I wanted to rage, cry, and blame someone else or something external for making me fat.  Finally I simmered down and got real.  I'm the only person responsible for my size.  I made the all the choices that made me obese and it's completely within my power to fix the problem.

Right then and there I signed up for the Ideal Protein program.  It is a medically-supervised weight loss program that promises not only great results but it promises to re-educate me about food, to teach me how to eat healthier. 

I also made a promise to myself after I signed up for the program.  It's time for me to be nicer to myself.  I am going to like and accept myself as I am, regardless of my weight. 

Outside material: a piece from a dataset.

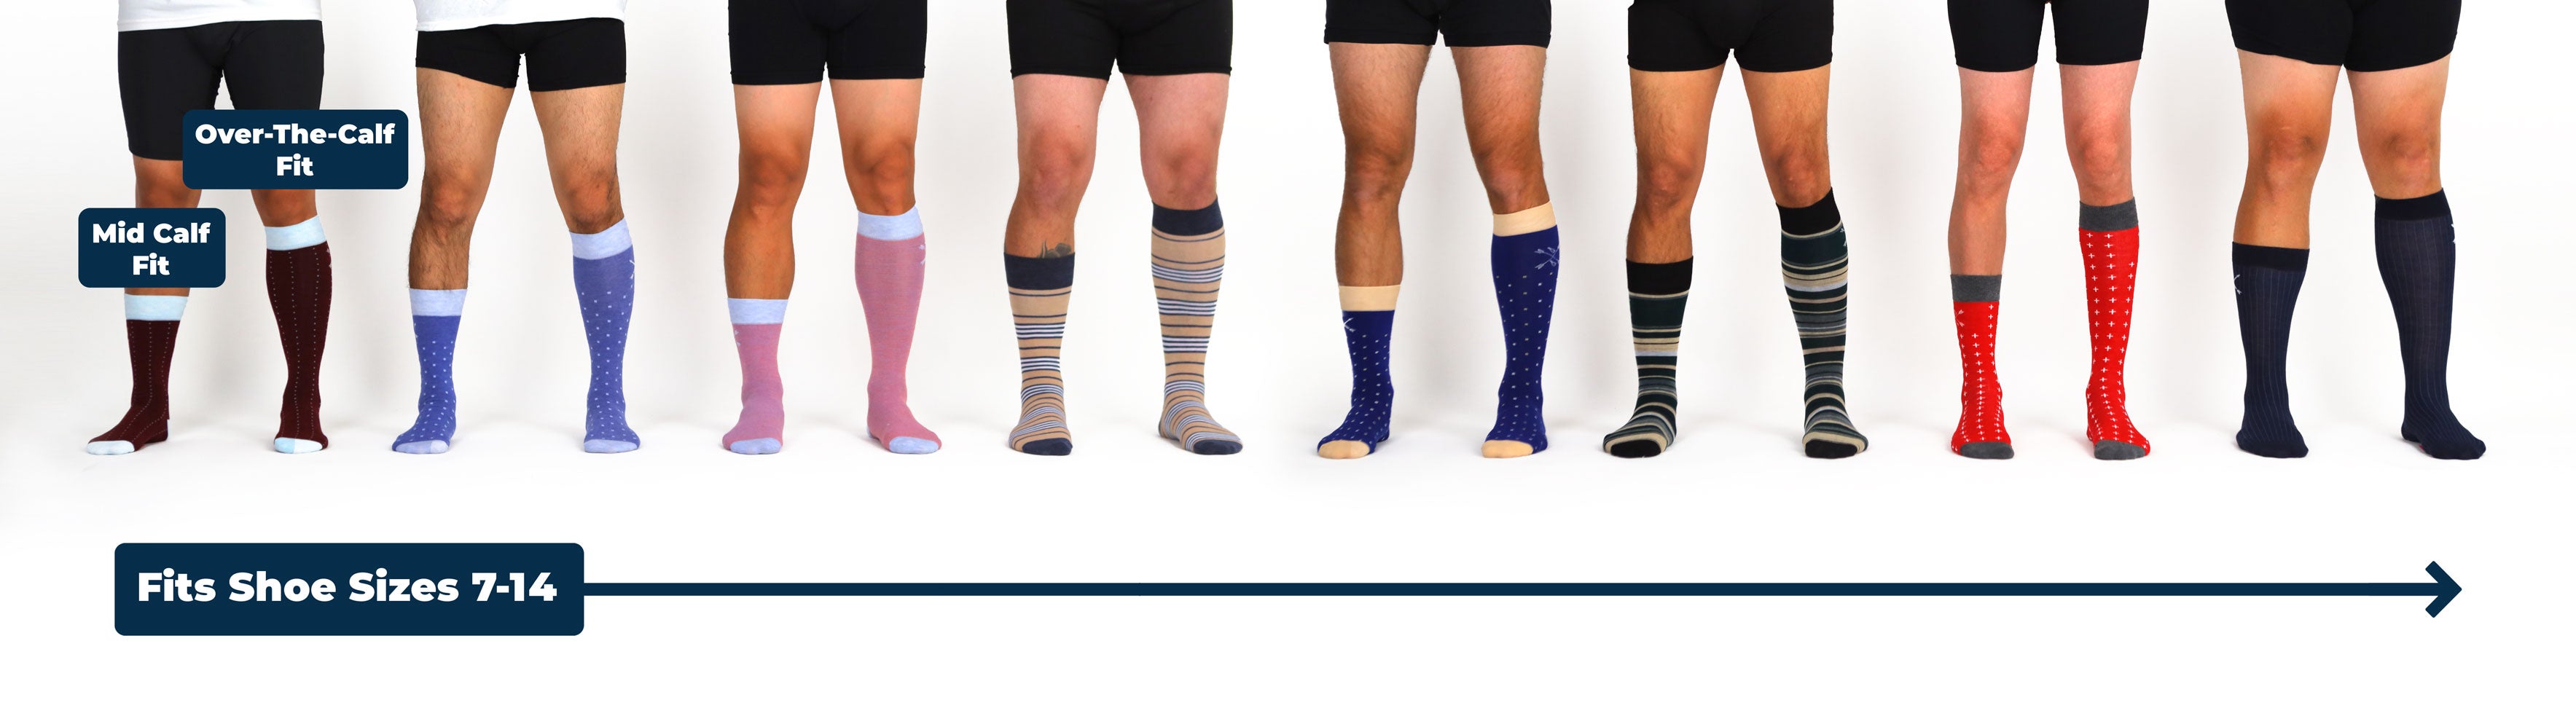 men sizes 7-14 wearing mens dress socks
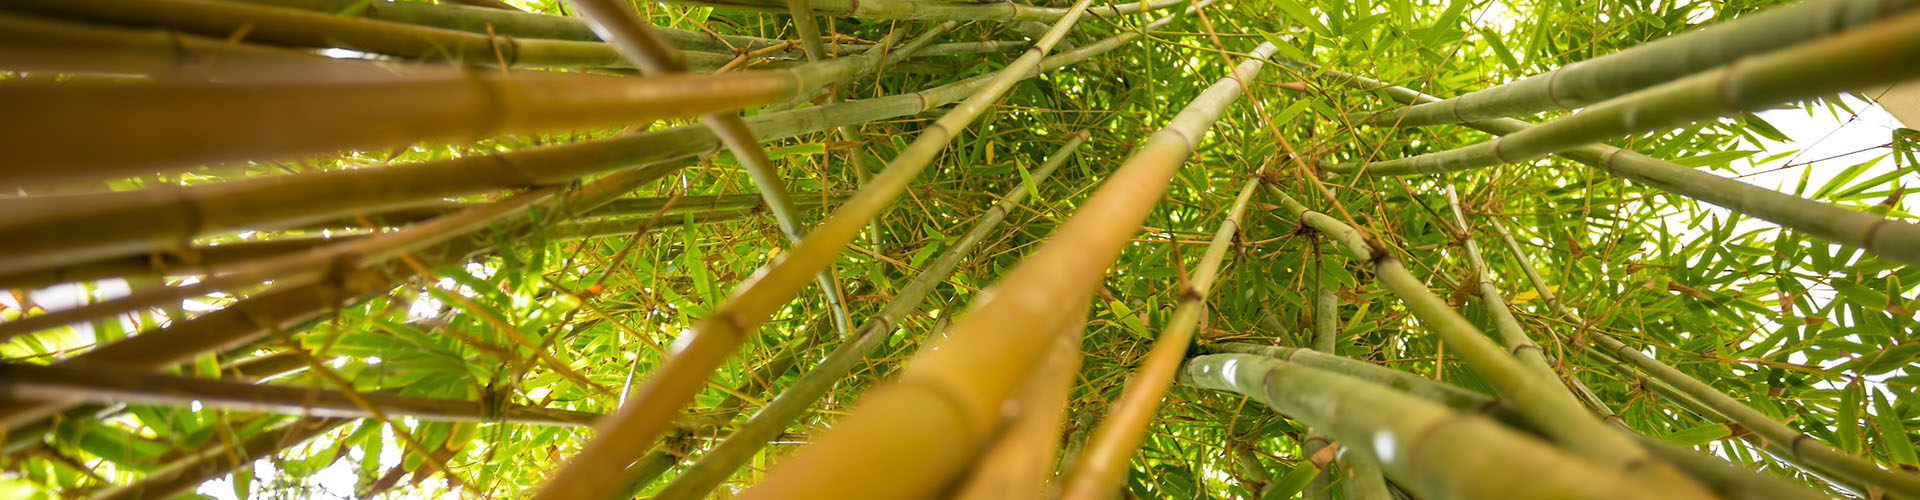 Bamboo in Florida Tech Botanical Gardens

Does that mean I happily accept 288?  No.  This means that from now on I am going to stop beating up on myself and trying to see myself through someone else's viewpoint. I am a beautiful, divine child of God, regardless of my weight - but I deserve better than what I've allowed myself. This time, I am not trying to lose weight to make people like/accept me or to make me look good in a swim suit - it's not about how others see me. I am losing this weight because I love me, I want to take care of myself and I want to improve my health.

So far I've been on the program for three days and I feel good about my progress. Ideal Protein is a super-restrictive diet in phase I but I refuse to whine or complain about it. With the exception of the (disgusting) Crunchy Cereal packet I choked down on the first day's breakfast, the program's food is palatable and has kept me from getting hungry.  I also have plenty of energy to bike to and from work and am not exhausted when I get home at the end of the day.  The end will justify the means.  I am not depriving myself of treats by going on a diet - I am giving myself the gift of a healthier future.

For now, I am taking it one day at time and have had a successful three days.  I can't wait to read the scale next Monday and see what I've accomplished!